— WHAT YOU NEED TO DO —
Look through the entries below for the line with "Zwei Flüchtlinge musizieren" and the line with "1043: Casas de pueblo in Monells", then give again exactly those two lines and all lines between them, minus the pictures.

— DATA FOR THE TASK —
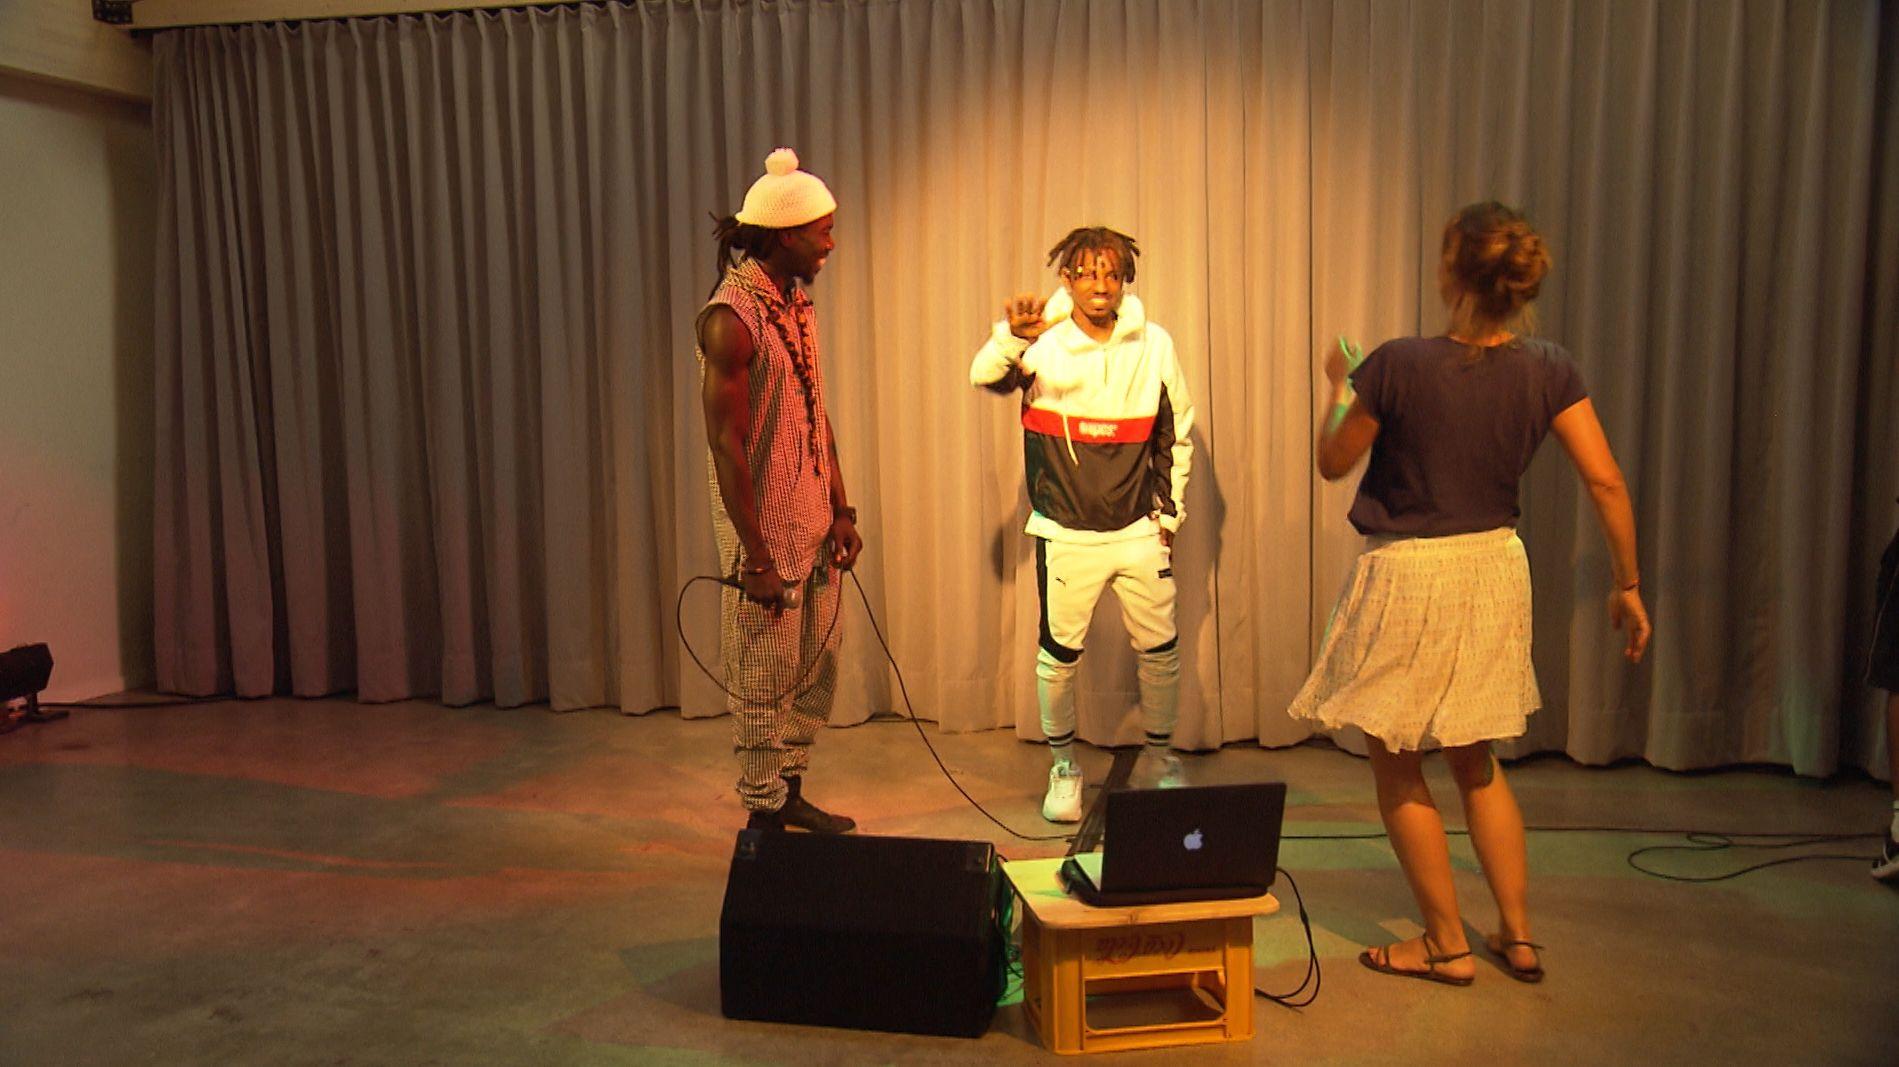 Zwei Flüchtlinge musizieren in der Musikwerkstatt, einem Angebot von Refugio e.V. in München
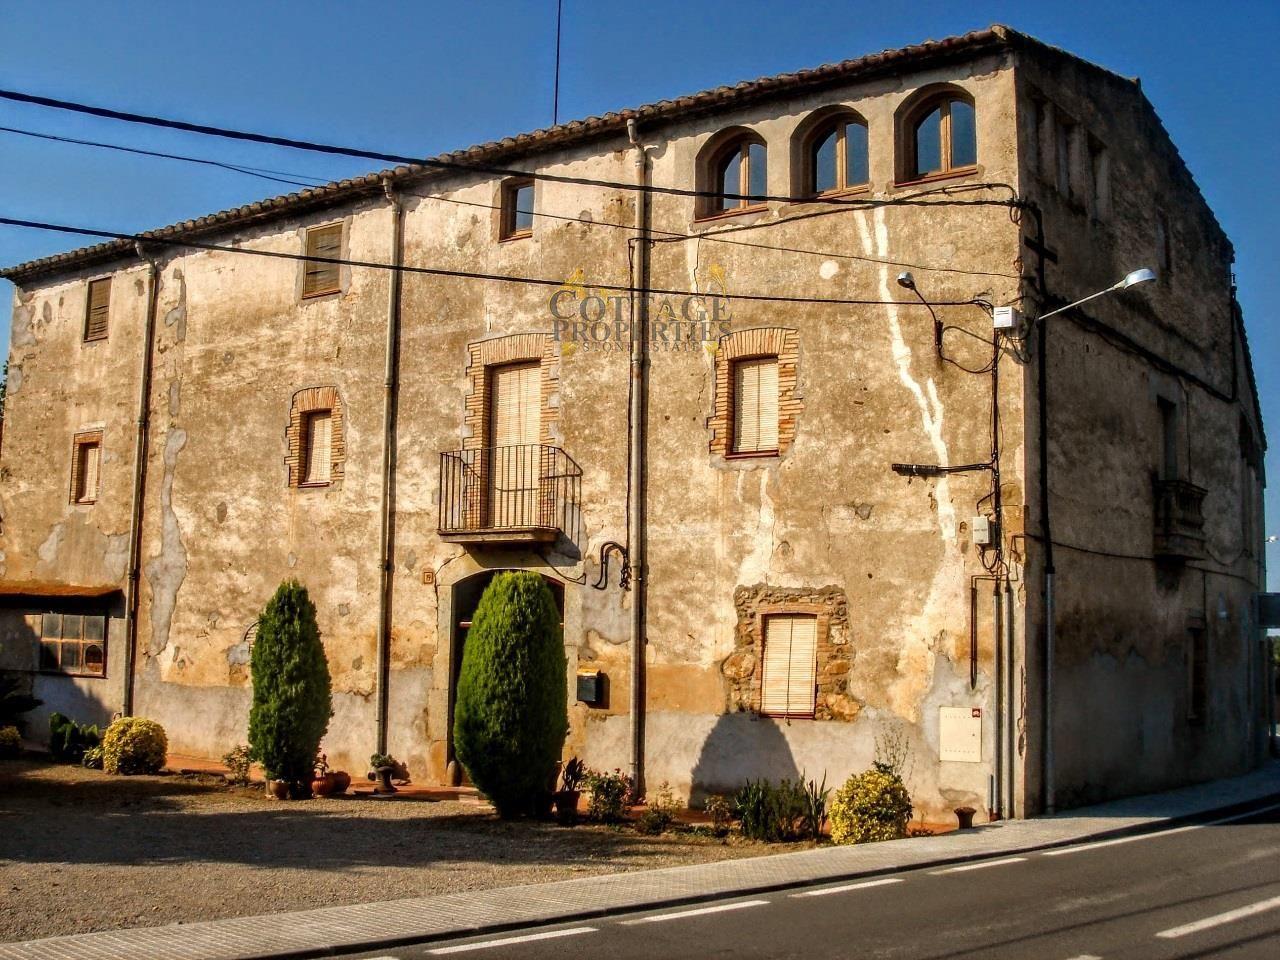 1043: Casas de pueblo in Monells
* * *
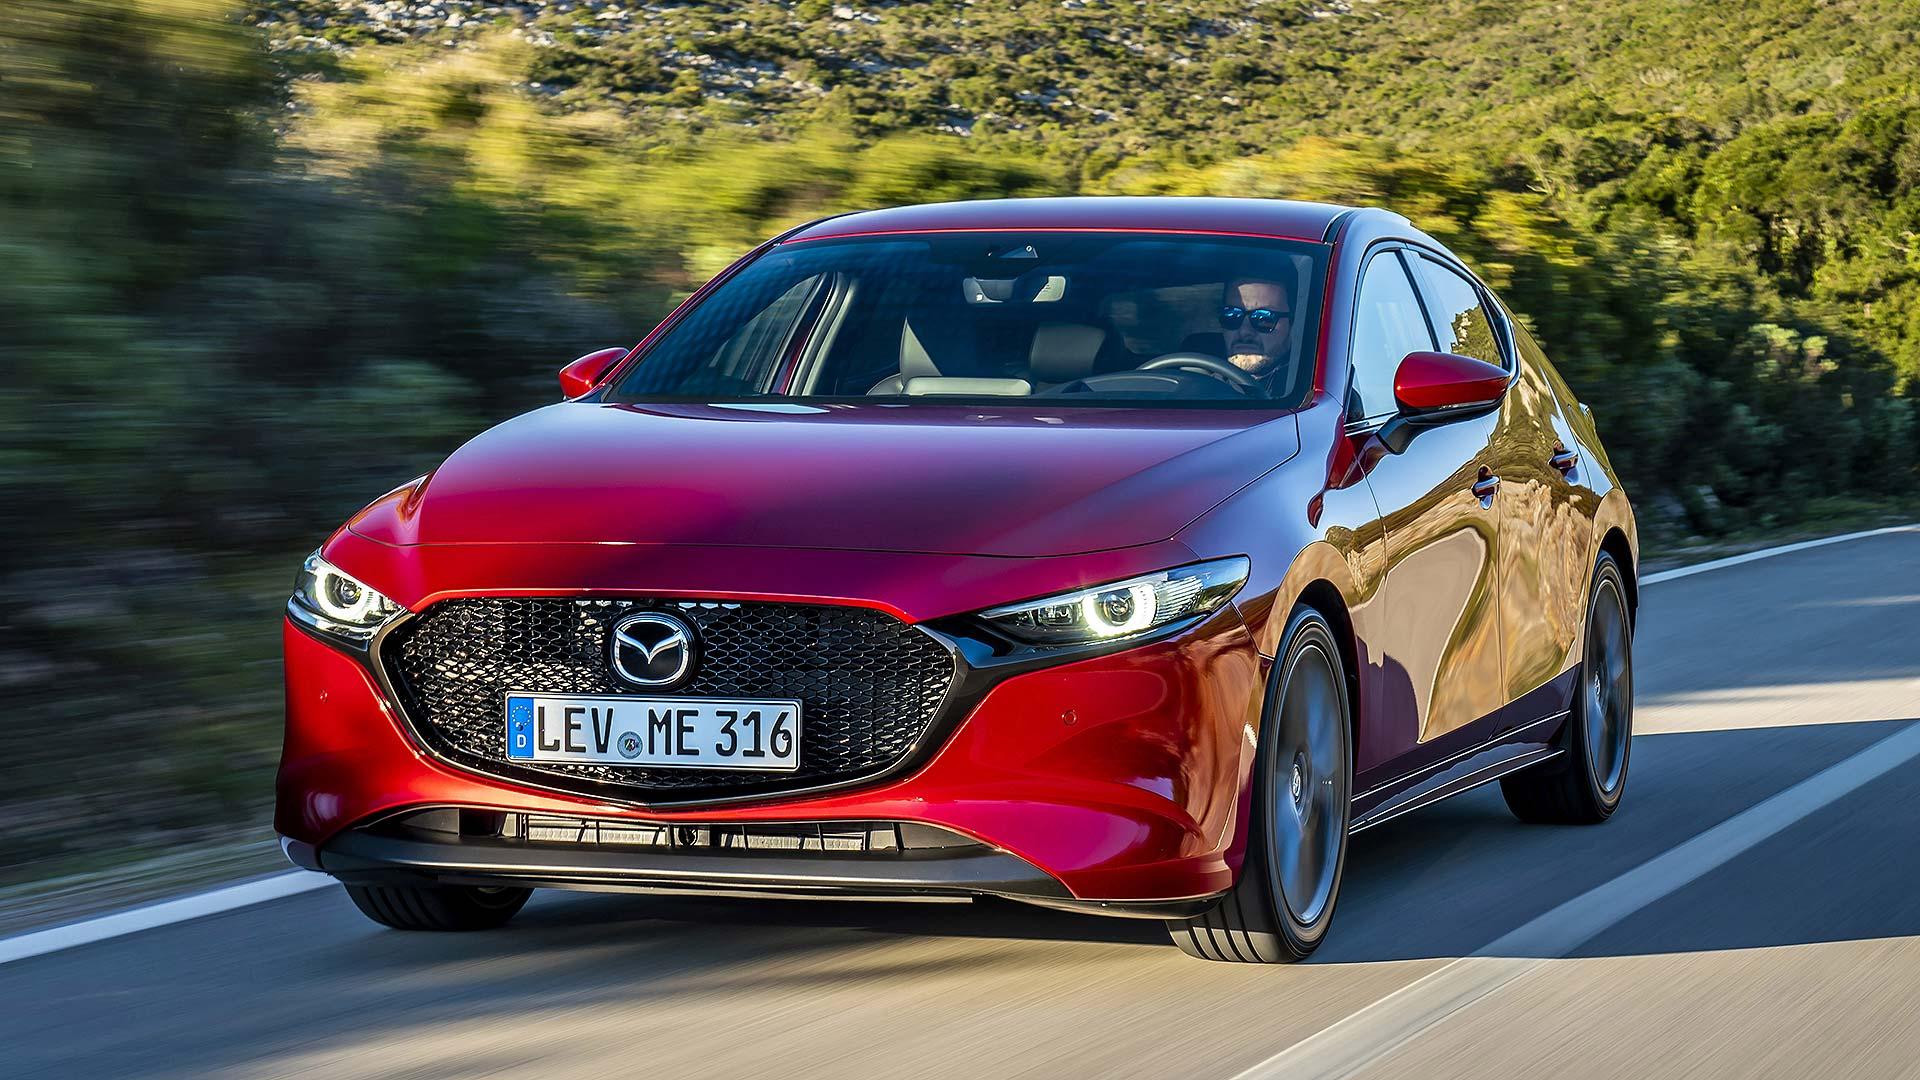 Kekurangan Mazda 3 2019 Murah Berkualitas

— THE ANSWER —
 Zwei Flüchtlinge musizieren in der Musikwerkstatt, einem Angebot von Refugio e.V. in München
 1043: Casas de pueblo in Monells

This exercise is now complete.